Unfortunately, Enzo's mechanism for storing particle type is inconsistent.  The
parameter ``ParticleTypeInFile`` controls whether or not the field
``particle_type`` is written to disk; if it is set to 1, the field will be
written, but the default is 0 where the field is not written.  Without the
field ``particle_type`` the discriminator between particle types is exclusively
based on the field ``creation_time``.  Particles with ``creation_time`` greater
than 0.0 are star particles and those with ``creation_time`` equal to zero are
dark matter particles.

For simulations only including dark matter particles, this is not important, as
all of the particles will be of the same type.  However, selection of -- for
instance -- star particles in other simulations will require some care, and you
will need to do it differently depending on the value of
``ParticleTypeInFile``.

.. _selecting-creation-time:

Selecting Particles By Creation Time
++++++++++++++++++++++++++++++++++++

To select particles based on creation time, you must first create an index
array.  Python (and NumPy) allow indexing based on boolean values, so we will
do that.  Here is an example of selecting all star particles in the domain.

.. code-block:: python

   from yt.mods import *
   pf = load("galaxy1200.dir/galaxy1200")
   dd = pf.h.all_data()

   star_particles = dd["creation_time"] > 0.0
   print dd["ParticleMassMsun"][star_particles].max()
   print dd["ParticleMassMsun"][star_particles].min()
   print "Number of star particles", star_particles.sum()

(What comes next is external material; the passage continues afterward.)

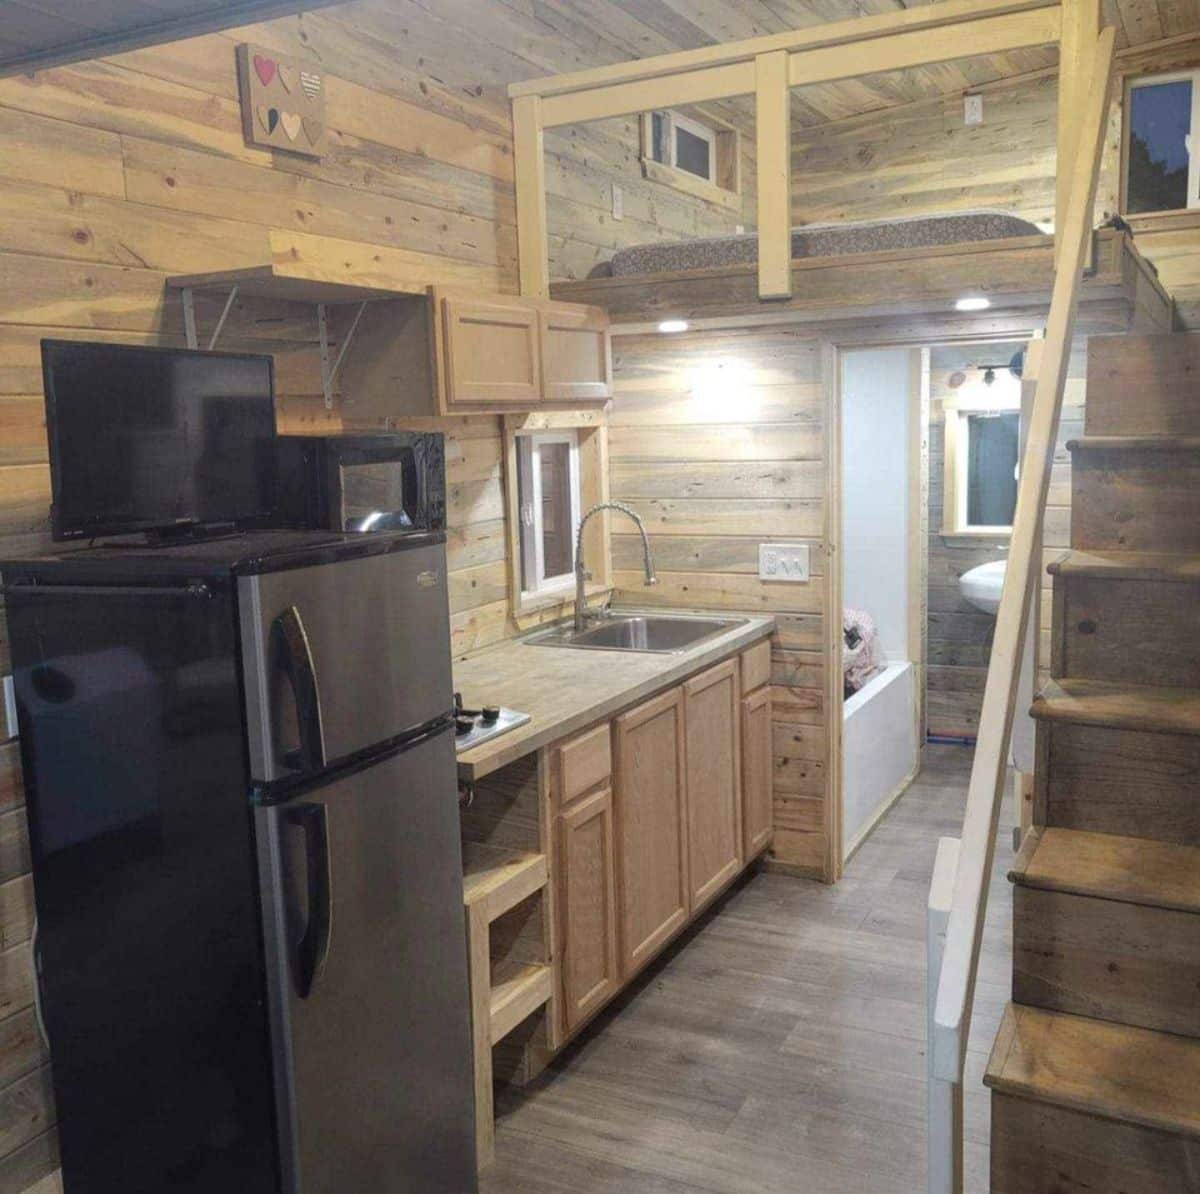 Kitchen area of 20’ tiny house with two lofts

Selecting Particles By Particle Type
++++++++++++++++++++++++++++++++++++

In Enzo, star particles are type 2.  So we will select using the boolean array
(as in :ref:`selecting-creation-time`) to select only the star particles.

.. code-block:: python

   from yt.mods import *
   pf = load("galaxy1200.dir/galaxy1200")
   dd = pf.h.all_data()

   star_particles = dd["particle_type"] == 2
   print dd["ParticleMassMsun"][star_particles].max()
   print dd["ParticleMassMsun"][star_particles].min()
   print "Number of star particles", star_particles.sum()

Memory
------

Unfortunately, as of right now, particle loading via spatially-selected objects
can be memory intensive.  The process that ``yt`` goes through to load
particles into memory in a 3D data object is to separate the grids into two
classes:

 * Fully-contained grids
 * Partially-contained grids

For the grids in the former category, the full set of particles residing in
those grids are loaded.  The ones in the second require that a
:class:`~yt.lagos.FakeGridForParticles` be created so that the particles
residing in the region (as determined by their values of
``particle_position_x``, ``particle_position_y`` and ``particle_position_z``,
which must be loaded from disk) can be selected and cut from the full set of
particles.  This requires that the full position information for the particles
be loaded, which increases overall memory usage.

The Future
----------

The next version of ``yt`` will have a completely rewritten particle
infrastructure.  This version is currently in the testing phase, but has shown
to reduce memory overhead substantially as well as increase speed by a factor
of a few.  Both spatial selection (selection within an object) and selection by
type are extremely promising.